Philippines

Zen and the art of social justice

William Wolfe-Wylie, Rabble.ca: In the late 1970s, Horacio Morales founded The National Democratic Front of the Philippines. The organization’s primary goal was to overthrow the dictatorship of Ferdinand Marcos. A few years later, Morales was arrested and taken to a jungle prison near a military rifle range. He was confined to a small concrete cell and, over the din of gunfire, subjected to electro-shock torture.

But each Friday, a kind-hearted Canadian woman ventured to the prison, alone, to visit Morales and the other prisoners, and she taught him the art of Zen meditation.

“They’d been tortured electrically and their bodies would jump,” said Sister Elaine MacInnes, a practicing Catholic nun who discovered Zen meditation while in Japan in 1958. She spent the next couple of decades learning Zen from the monks she had encountered, until she was certified as a teacher. Soon after that, she found herself in the Philippines where she began to visit prisoners, including Morales.

It took time, Sister Elaine recalls over a pot of tea in her Toronto home, but over the four years of his imprisonment, she taught Morales how to turn his prison cell into a monk’s cell. She helped him to deal with his anger and to channel his feelings through Zen meditation.

It was then, she said, working with Morales and his fellow prisoners, that she began to see the importance of teaching Zen to prisoners all over the world.

Earlier this month, twenty-five years after her first meeting with Morales, Sister Elaine held a fundraiser in Toronto to support that ongoing project, through her charitable organization called Freeing the Human Spirit. At 83, Sister Elaine doesn’t meet with prisoners as often as she used to. Instead, she is looking to train as many Zen teachers as she can before she’s no longer able.

Her mission has never been an easy task.

“To bring hope and healing to prisoners is not a popular cause,” she says.

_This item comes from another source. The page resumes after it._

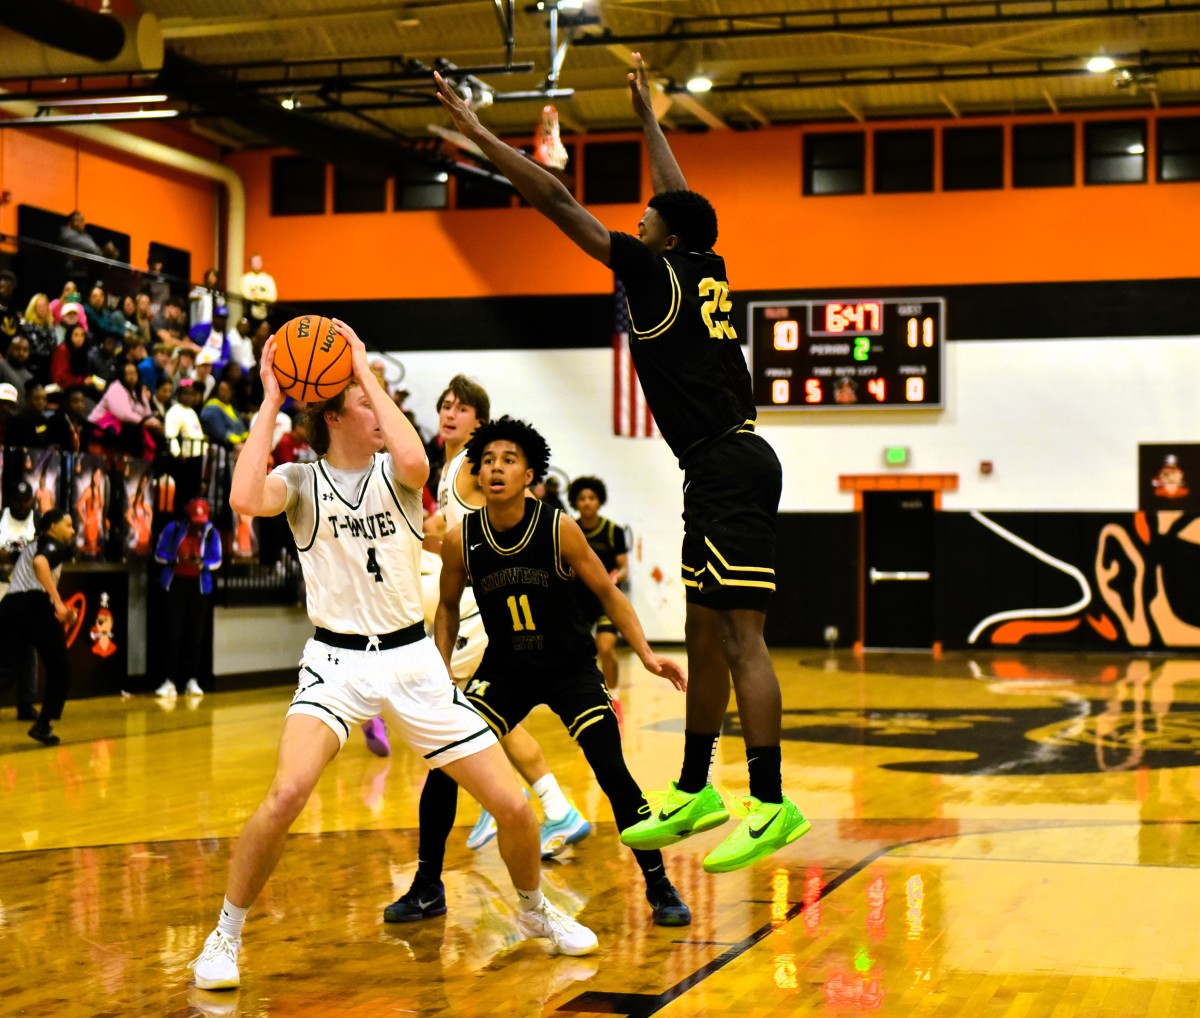 Midwest City boys roll to decisive win against Norman North for Putnam

For Sister Elaine, teaching meditation is more than teaching prisoners to deal with their incarceration. It’s about helping them to better reintegrate into society after their time has been served.

Zazen, the act of meditation and clearing the consciousness, does away with “the dust of the mind,” she explains. Inner freedom, coping with stress and understanding of the self leads to acting more appropriately and naturally in the wider world.

Sister Elaine first began to understand the power of Zen shortly after she took her final vows to become a nun in 1961. That fall she moved to Japan and was quickly intrigued by the monks who prayed up high up on a nearby mountain.

“How do you pray?” she was asked by one of the men. What followed was a conversation that lasted for hours that exposed more links between her native Catholicism and Zen meditation than she had thought possible.

The body is used to help empty the mind, she briefly elaborates. Through control of breath, the breath of god and the breath of man become one. The breath of life, she said, transcended religion and became prayer itself.

“The infinite cannot be experienced intellectually,” she notes. “The world we see is just half the story. When you have seen the inner world, it becomes more and more important to you.”

Despite the pain and suffering she has seen in her travels, Sister Elaine’s face betrays none of the sorrow. As a 2005 documentary about her work plays in her living room, she has a soft smile on her face and sips her tea quietly.

Sister Elaine left the Philippines in 1993 and, after ten years in England, bringing group lessons in meditation to the prisoners there, she returned to Canada. Since then, she has established her program in more than twenty prisons across the country.

Nobody is forced to take part in the program when a prison signs on. “They can only teach volunteers,” she said. But it has become so popular in some prisons that separate programs have been set up to help staff and guards at the institutions.

The rewards of her work come in the form of the letters that she receives from prisoners. She can see the impact that meditation is having on their self-esteem and interaction with others.

“Before I practiced meditation I felt a lot of anger,” wrote Scott Kennedy, a prisoner in the UK. “I used all sorts of drugs and alcohol for years, from the age of fifteen til thirty-four, and now I’ve stopped using drugs. I’ve been practicing meditation just over a year and I’ve never felt better for years. I feel calmer, relaxed, happy in myself and towards other human beings. I have been really determined to turn my life around and practicing meditation made me see who I truly am: a kind, loving happy person.”

Her first student is still working with the people of the Philippines, too, though in a slightly different role. Morales was named Agrarian Reform Secretary in the Philippines’ new government in 1998. He is now the country’s Customs Commissioner, a slight deviation from the communist-party affiliated revolutionary group he used to lead.

At the same time as Sister Elaine was speaking on the value of teaching Zen to prisoners in Toronto, Morales was preparing an international crackdown on produce smugglers operating between China and the Philippines. The operation was hailed by farmers throughout the Philippines; their product remained safe from illegal food imports which threatened their markets.

Indeed, as Sister Elaine wrote in 2001, “In my prison experience…the sangha gradually changed their swords into ploughshares.”